山中 高2の進路調査表が配られた時期に映画にハマっていたことからですね。子供のころから、会社勤めは無理だろうからものを作る分野に行きたいと思っていましたが、ずっと絵画教室で絵を習いながら漫画家やデザイナーに憧れてみたり、建築もいいなと思ったり、興味の移り変わりが激しくて。そんななか突然映画に出会いましたが、高校のまわりに映画館が4つある環境だったのも大きかったと思います。

──映画にハマっても、監督になれるとまではなかなか思えないような気もします。

山中 昔の海外の大作とかを観ても「人間が作ってるな」という感覚にはなれなかったんですけど、アート系の作品や、ミニマルなフランス映画、2000年代の邦画などを観ていくうちに、作り手が見える気がしてきたんです。カメラの向こうに人がいて、なにやら思想があるようだぞ、と。それに気づいてから、自分でもやりたいし、できるかもしれないと思うようになりました。

──でも、映画学科に進学後、ドロップアウトしてしまったそうですね。

山中 とにかく朝、起きることができないんです。小学校のころからずっとそうで、大学でひとり暮らしを始めたら、まったく行けなくなりました……(笑)。最初のほうになんとか通っていたときにできた友達に協力してもらって、自主映画の『あみこ』を作ったんです。今なら授業の大切さもわかるのでちゃんと受けておけばよかったと思うんですけど、当時は1年生はひたすら座学というカリキュラムが耐えられなかったんですよね。

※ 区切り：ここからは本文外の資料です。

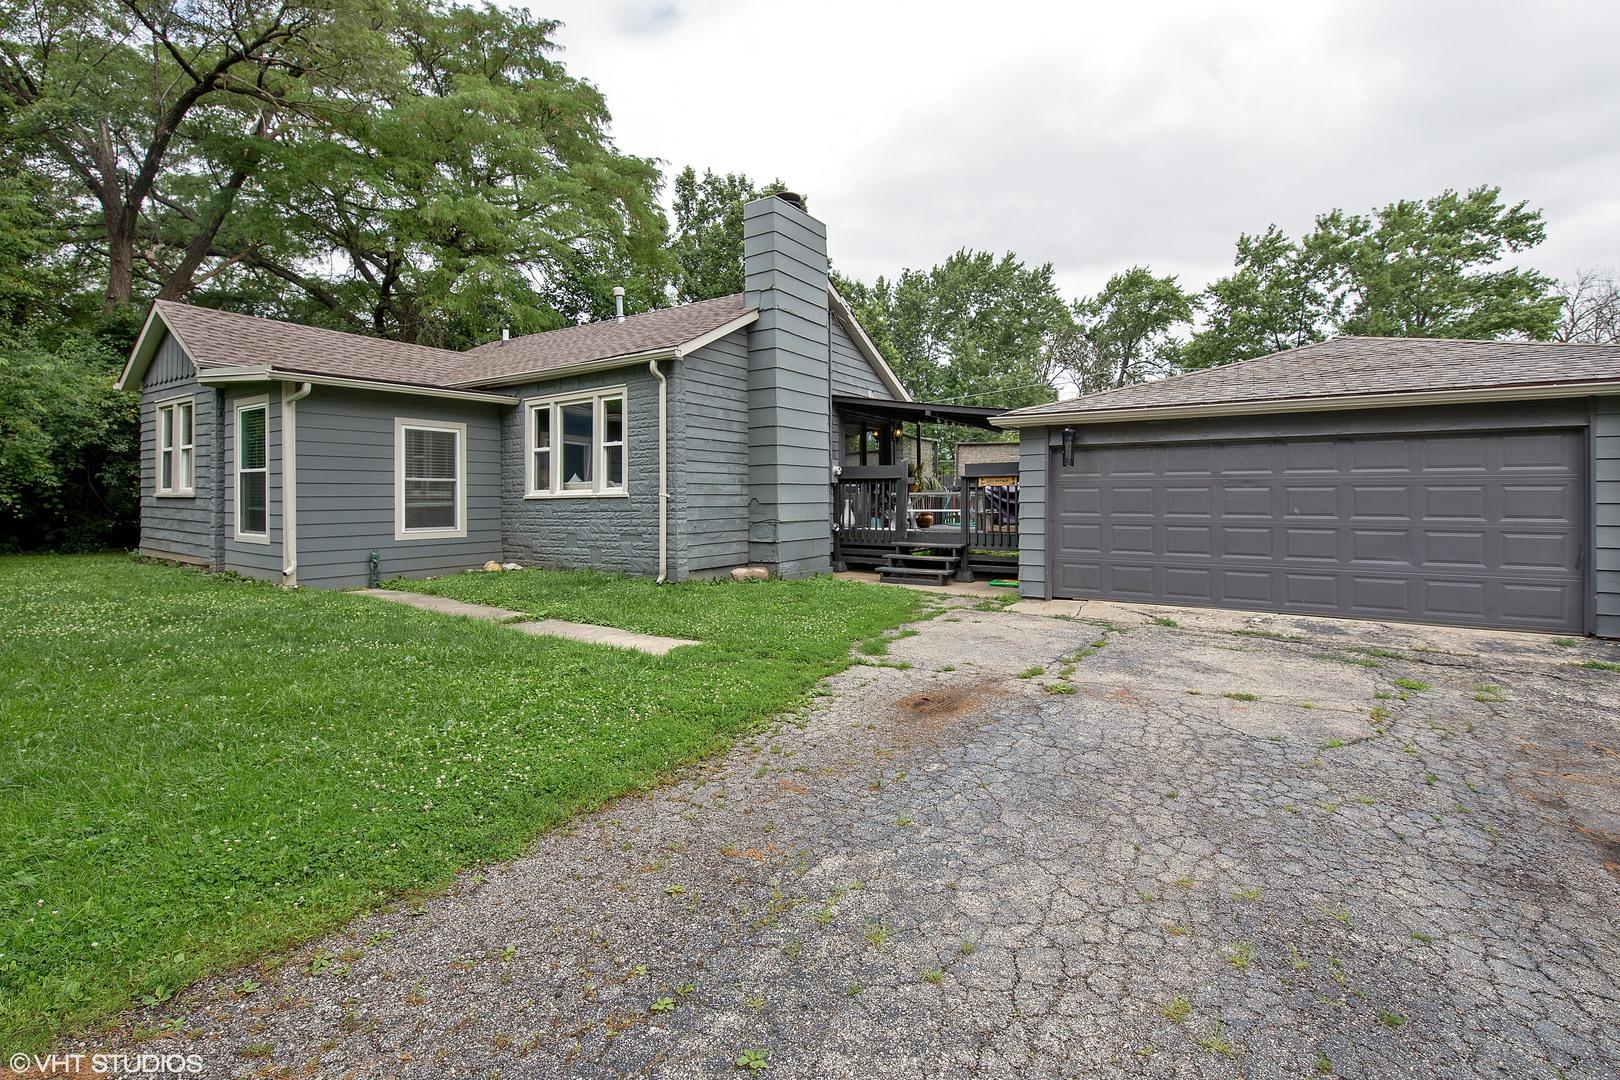 17W330 White Pine Rd, Bensenville IL 60106

──『あみこ』を作ったということは、映画を撮りたいという気持ちは変わらずあったわけですね。

山中 そうです。学校に行かなくなってからも映画はめちゃくちゃ観ていました。でも、どんどんイヤな映画ファンみたいになっていくんですよ。批評ともいえない批判ばかりが鋭くなっていって、このままだと自分に対するハードルが上がりすぎて首を絞めることになるなと気づいて。それで、ぴあフィルムフェスティバル(PFF)を目標に脚本を書き始めたんです。

──結果はどうだったんですか?

山中 観客賞はもらえましたが、審査員からの賞は特にもらえず。入選作はウェルメイドな作品が多くて、自分の下手さに気づいて恥ずかしくなりましたね。技術的なものはあとからついてくるだろうから、大人たちが見ているのはそこじゃないと頭ではわかっていても、もっとスクリーンで観るべきものを作らなきゃなと思って。それで、けっこう気が引きしまったというか、もうちょっとがんばろうと思うようになりました。

──映画を作ることへの迷いはなかったんですね。

山中 なかったですね。『あみこ』がベルリン映画祭に招待されたのも大きくて。小さい内輪の作品と見られても仕方ないと思っていたのが、意外とそれだけじゃない部分もあるのかなと。それが自信につながったんでしょうね。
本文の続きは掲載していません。